How to create dummy pandas DataFrames for testing

When working with Pandas in Python, constantly we need some DataFrames for different purposes, such as testing Python code to check errors and benchmarking code performance.

Here I will explain how to create dummy pandas DataFrames with the help of AI. At the end, I will put the code for generating different data type columns together so we can use it everywhere to create DataFrames when needed.

DataFrame column data types

The data types commonly used in a DataFrame are string, datetime, integer, and float. All other data types can be converted from these types. For example we can easily convert the integer type to bool and convert the string type to categorical.

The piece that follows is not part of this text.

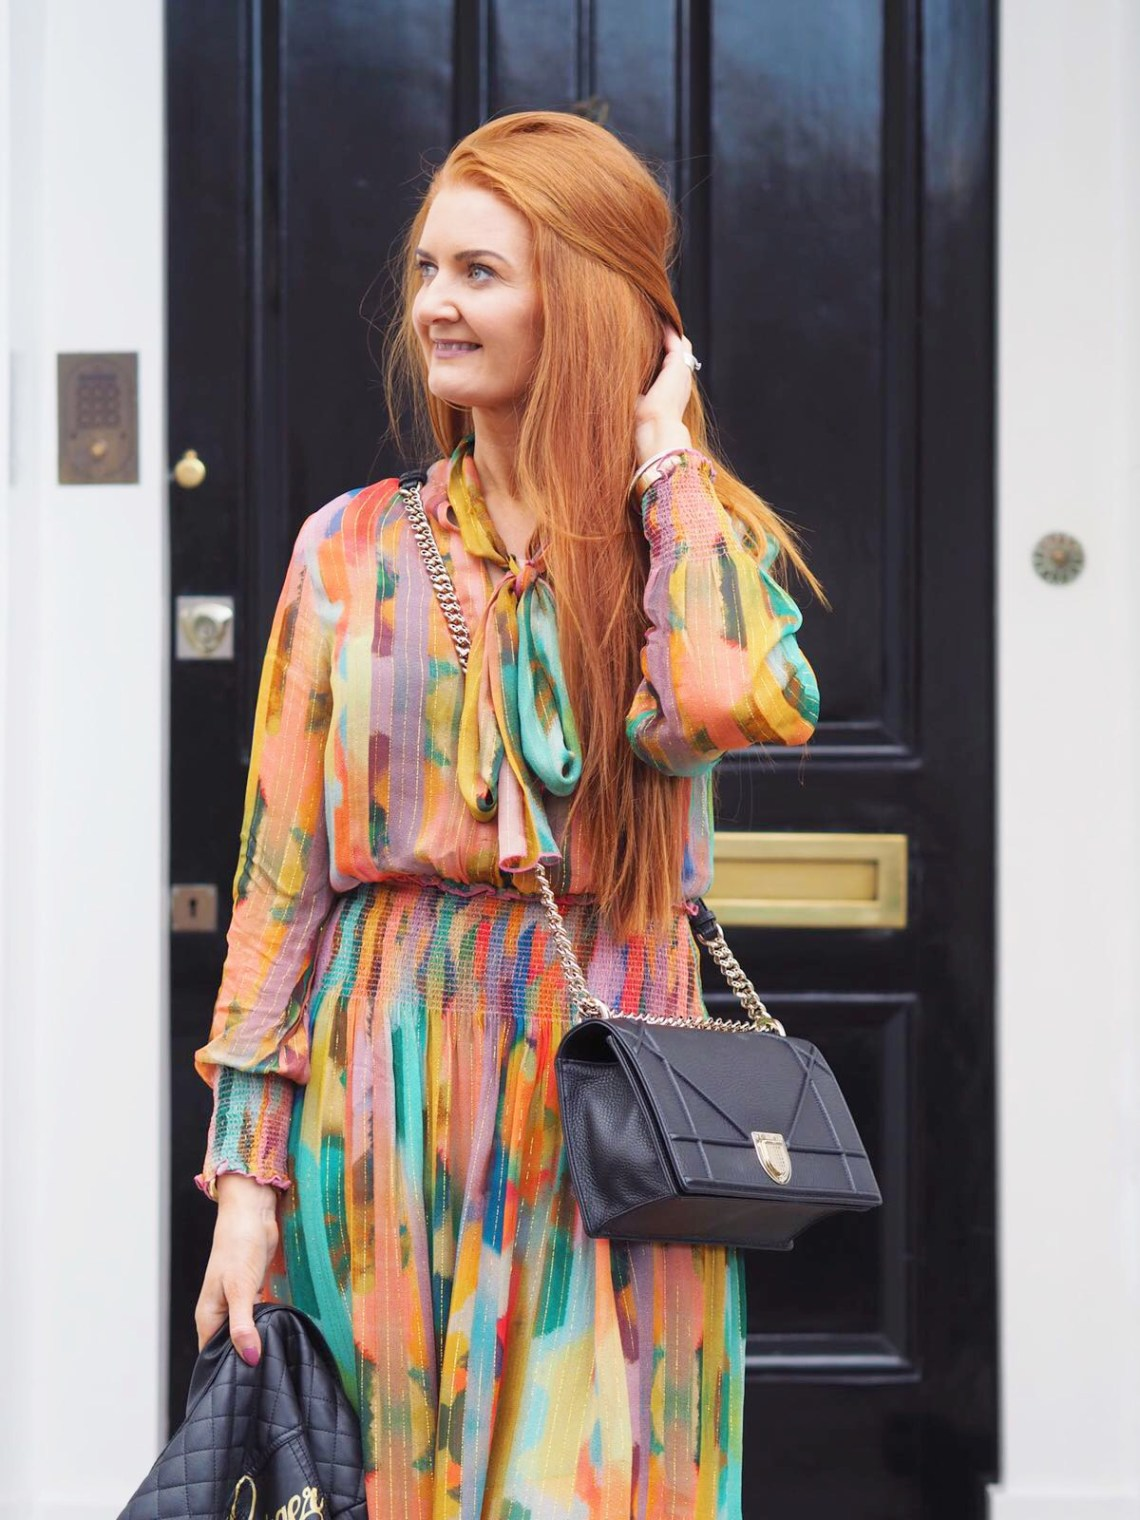 Anthropologie Meja Dress - Rainbows For Spring/Summer

We will use AI to help us generate the draft code for each of the data types and then test and modify the code to ensure it works as expected. The prompts and the replies will not be included here. You should always try it yourself if interested.

Creating a string list

To create a list of strings with random lengths, we should be able to control the number of strings and the minimum and maximum string lengths. We should also be able to restrict the character set from which the strings are created.

To create a random string, we can first generate a random integer to represent the string length and then randomly select characters from the provided character set.

characters = string.ascii_letters + string.digits
string_length = random.randint(min_length, max_length)
random_string = ''.join(random.choices(characters, k=string_length))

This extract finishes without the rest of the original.